Imperial bodyguards of Ethiopia

The Kebur Zebenya (ክቡር ዘበኛ) was the Ethiopian imperial guard. Also known as the First Division, this unit served the dual purposes of providing security for the Emperor of Ethiopia, and being an elite infantry division. It was not, however, part of the organizational structure of the Ethiopian regular army as it was part of the Zebagna, the Addis Ababa Guard. The Kebur Zabagna was based in Addis Ababa.

== History ==

=== Establishment ===
Richard Pankhurst dates the formation of the Imperial Bodyguard (previously known as the Mehal Sefari) to 1917, when the Regent Ras Tafari (later the Emperor Haile Selassie) assembled a unit under his direct control from men who had trained in the British army in Kenya as well as a few who had served under the Italians in Tripoli.

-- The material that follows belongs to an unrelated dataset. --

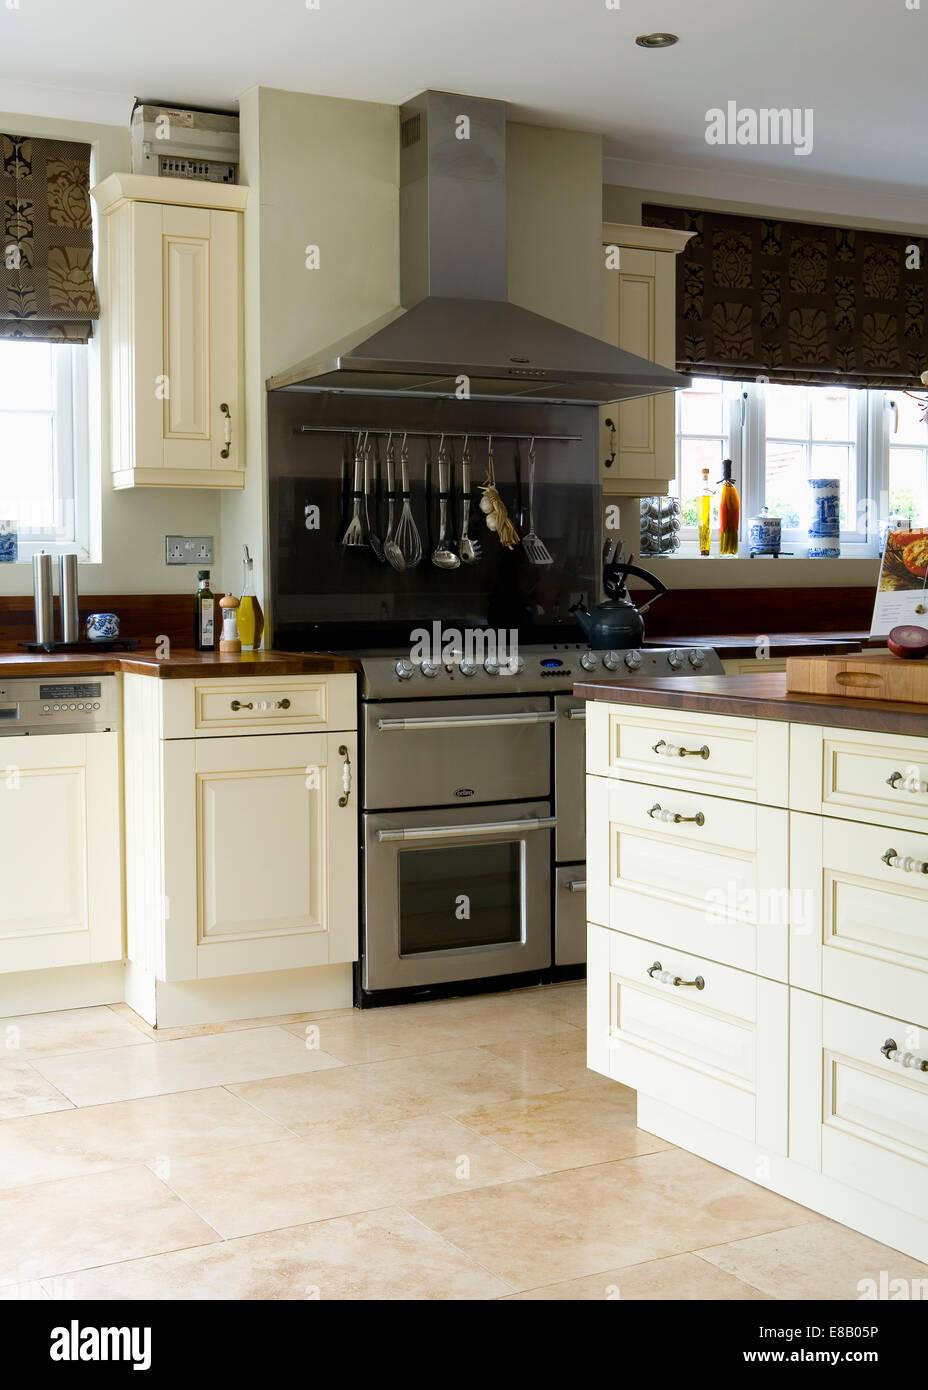 La crema pavimento in travertino di piastrelle in cucina moderna con ...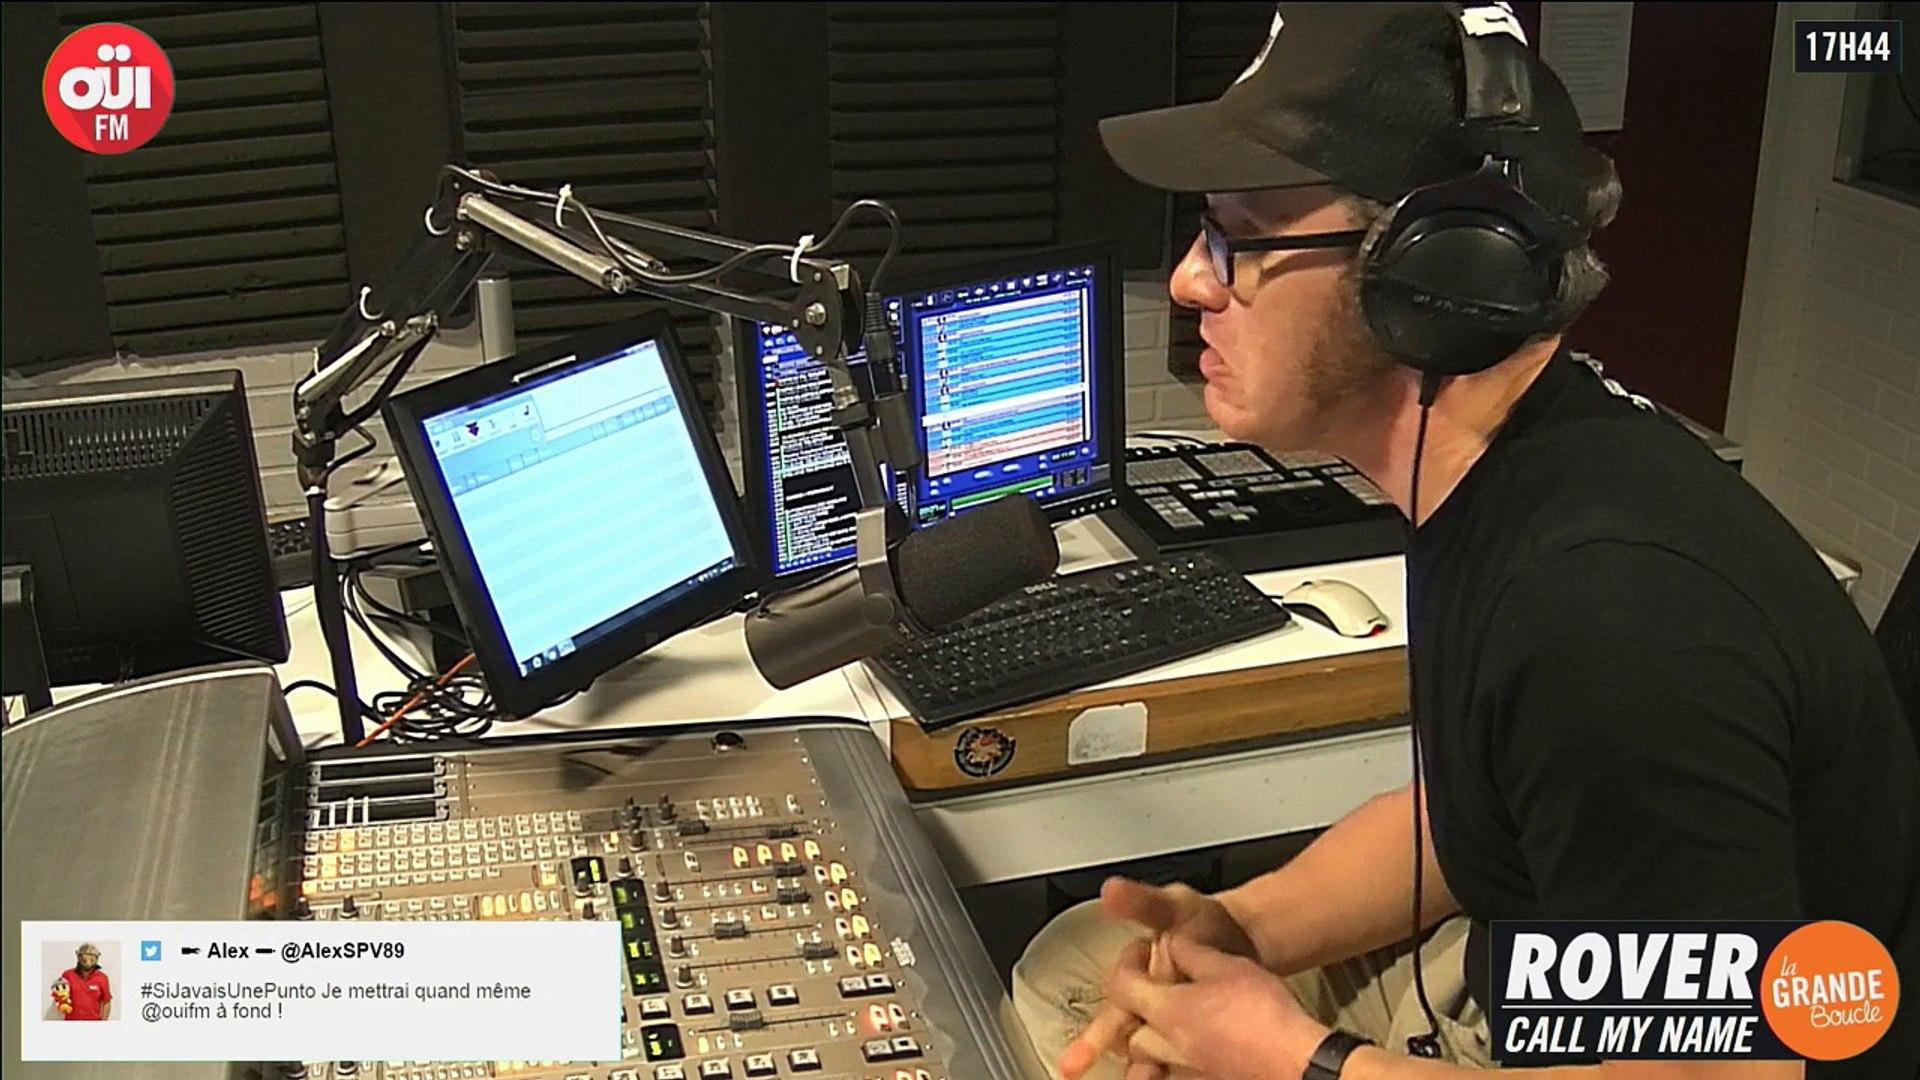 OUI FM en direct vidéo /// La radio s'écoute aussi avec les yeux (889)

In 1930 as Negus he invited a Belgian military mission to train and modernize the Ethiopian military, which included the Kebur Zabagna. The unit was organized in three battalions of trained regular infantry armed with rifles, machine guns and mortars; one battalion consisted of men from the earlier mahal safari. The Kebur Zabagna also had one heavy machine gun company. It was commanded by Ethiopian graduates of Saint Cyr, the French military academy, at the time of the Italian invasion of Ethiopia.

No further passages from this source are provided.